OVERVIEW

What are neuroendocrine tumors?

Neuroendocrine tumors are heterogeneous neoplasms originating from the diffuse neuroendocrine system.

They most commonly occur in the gastrointestinal tract, where well-differentiated ones are also called carcinoids; they can also be found in the pancreas, lungs, and other organs. Despite diverse origins, the tumor cells share similar morphology, featuring specific secretory granules capable of producing biogenic amines and polypeptide hormones, hence often classified as a single tumor type.

These tumors exhibit high heterogeneity, with varying degrees of malignancy—ranging from indolent, slow-growing low-grade malignancies to highly aggressive tumors with metastatic potential. While most are benign and a minority are malignant, all neuroendocrine tumors possess malignant potential.

What are pancreatic neuroendocrine tumors?

Pancreatic neuroendocrine tumors (PNETs) are a subtype of neuroendocrine tumors, previously termed islet cell tumors. They arise from the endocrine tissue of the pancreas, unlike pancreatic adenocarcinoma, which originates from malignant transformation of acinar or ductal epithelial cells. Compared to pancreatic adenocarcinoma, PNETs generally have a lower overall malignancy.

Those originating from the digestive tract/glands are collectively termed gastroenteropancreatic neuroendocrine neoplasms (GEP-NENs), accounting for over two-thirds of all neuroendocrine tumors.

How common are pancreatic neuroendocrine tumors?
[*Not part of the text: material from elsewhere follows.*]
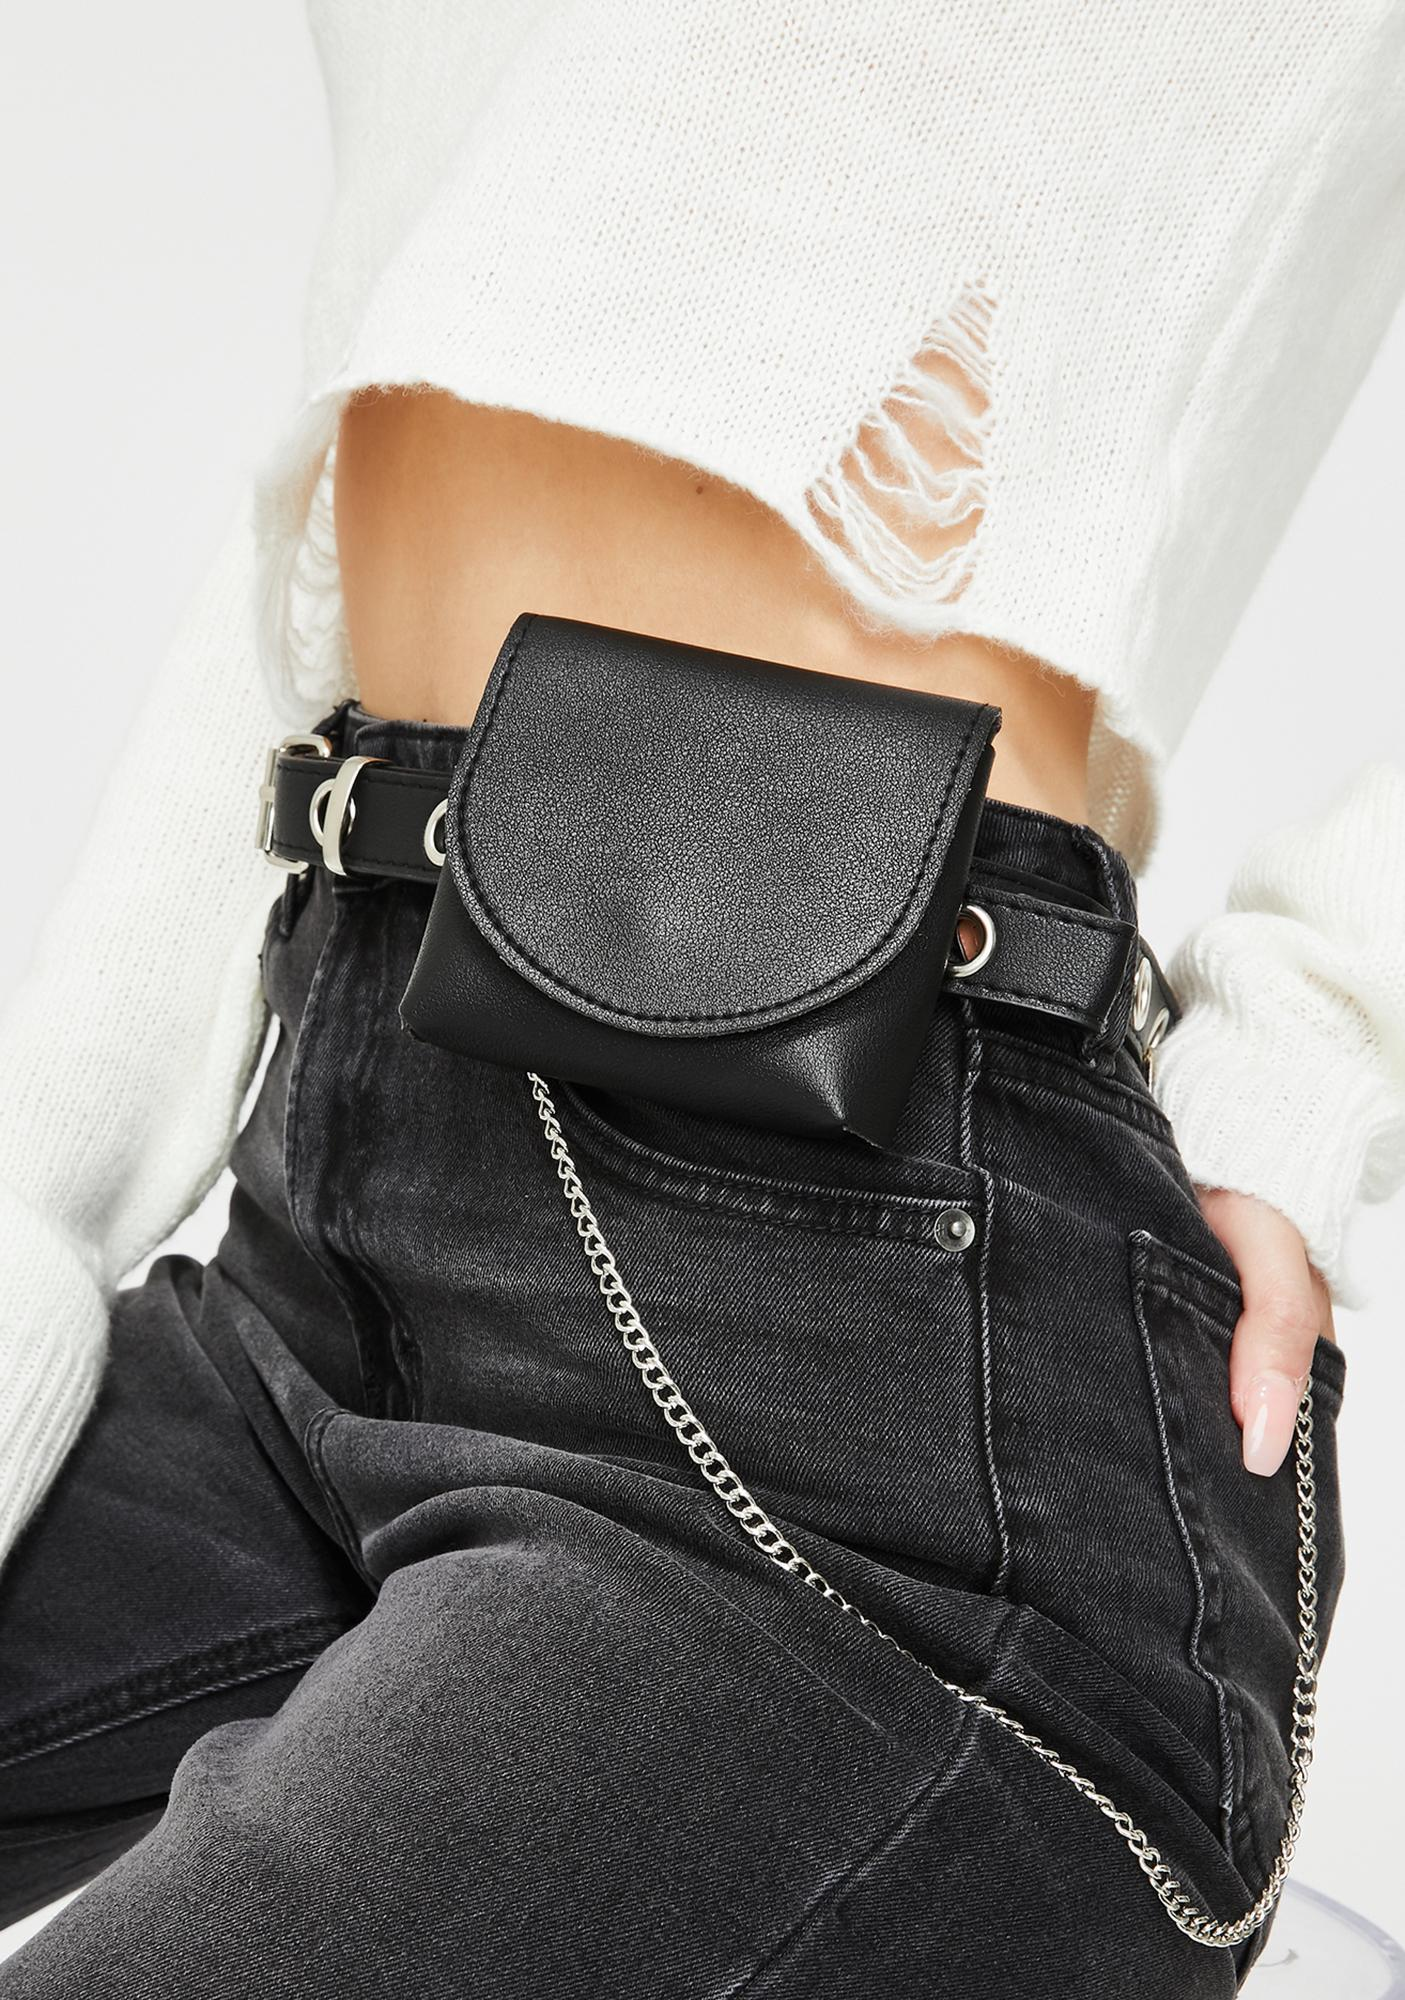 Stash My Cash Belt Bag
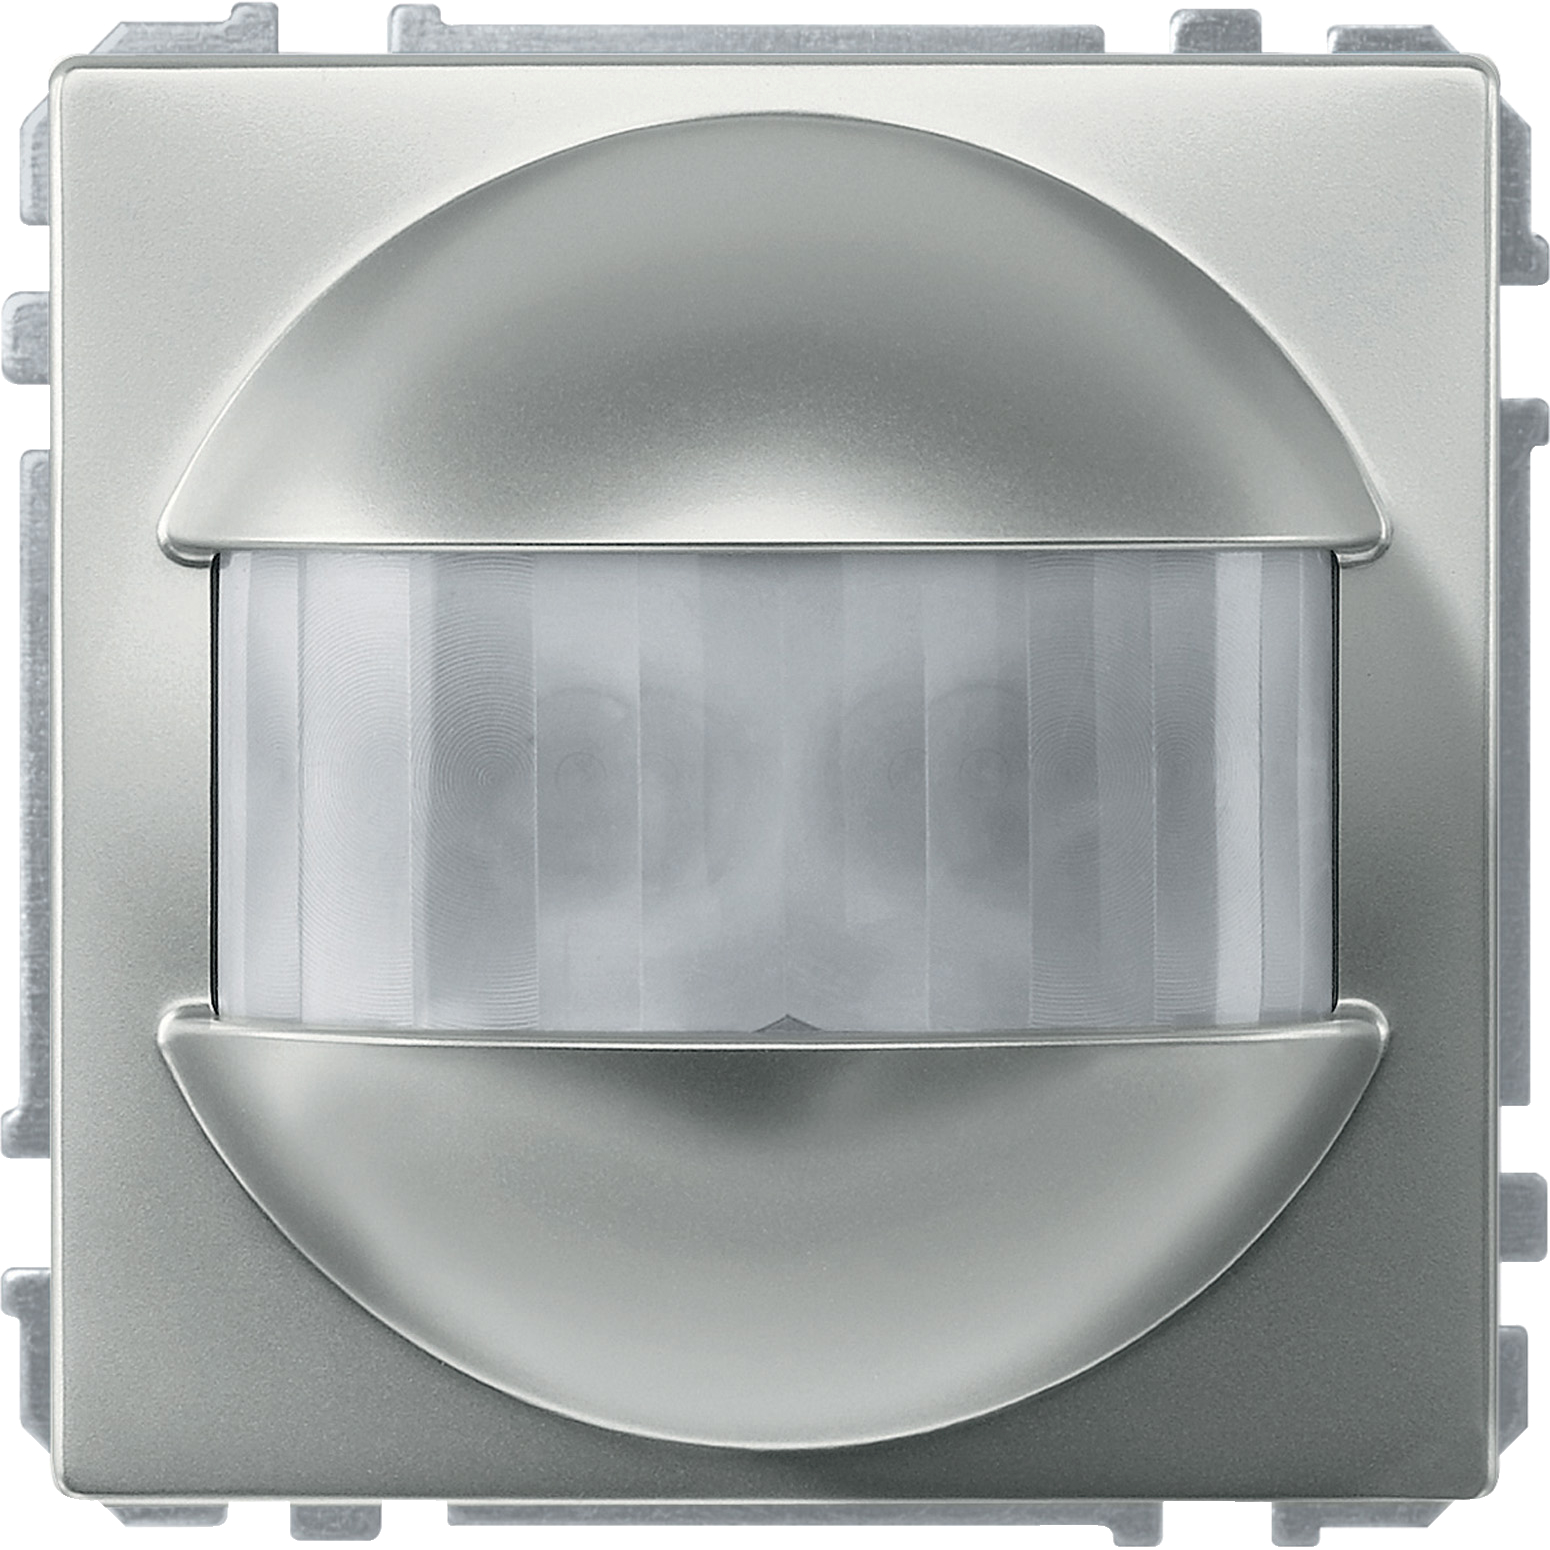 Image Description for https://tedi.itc-electronics.com/itcmedia/images/20190426/MTN631846_SCHNEIDERELECTRIC_1.jpeg

Who is at risk?

• PNETs are relatively rare overall, with an annual incidence of ≤1/100,000, representing about 1%–2% of all pancreatic tumors.
• With improved understanding and advancements in imaging and pathological techniques, the detection and diagnosis rates of PNETs are increasing.
• PNETs can occur at any age, with no significant gender preference, most commonly diagnosed between 30–60 years, and incidence rising with age.

What are the types of pancreatic neuroendocrine tumors?

Historically, the classification of neuroendocrine neoplasms (NENs) was complex and confusing, but relatively clear concepts have now been established.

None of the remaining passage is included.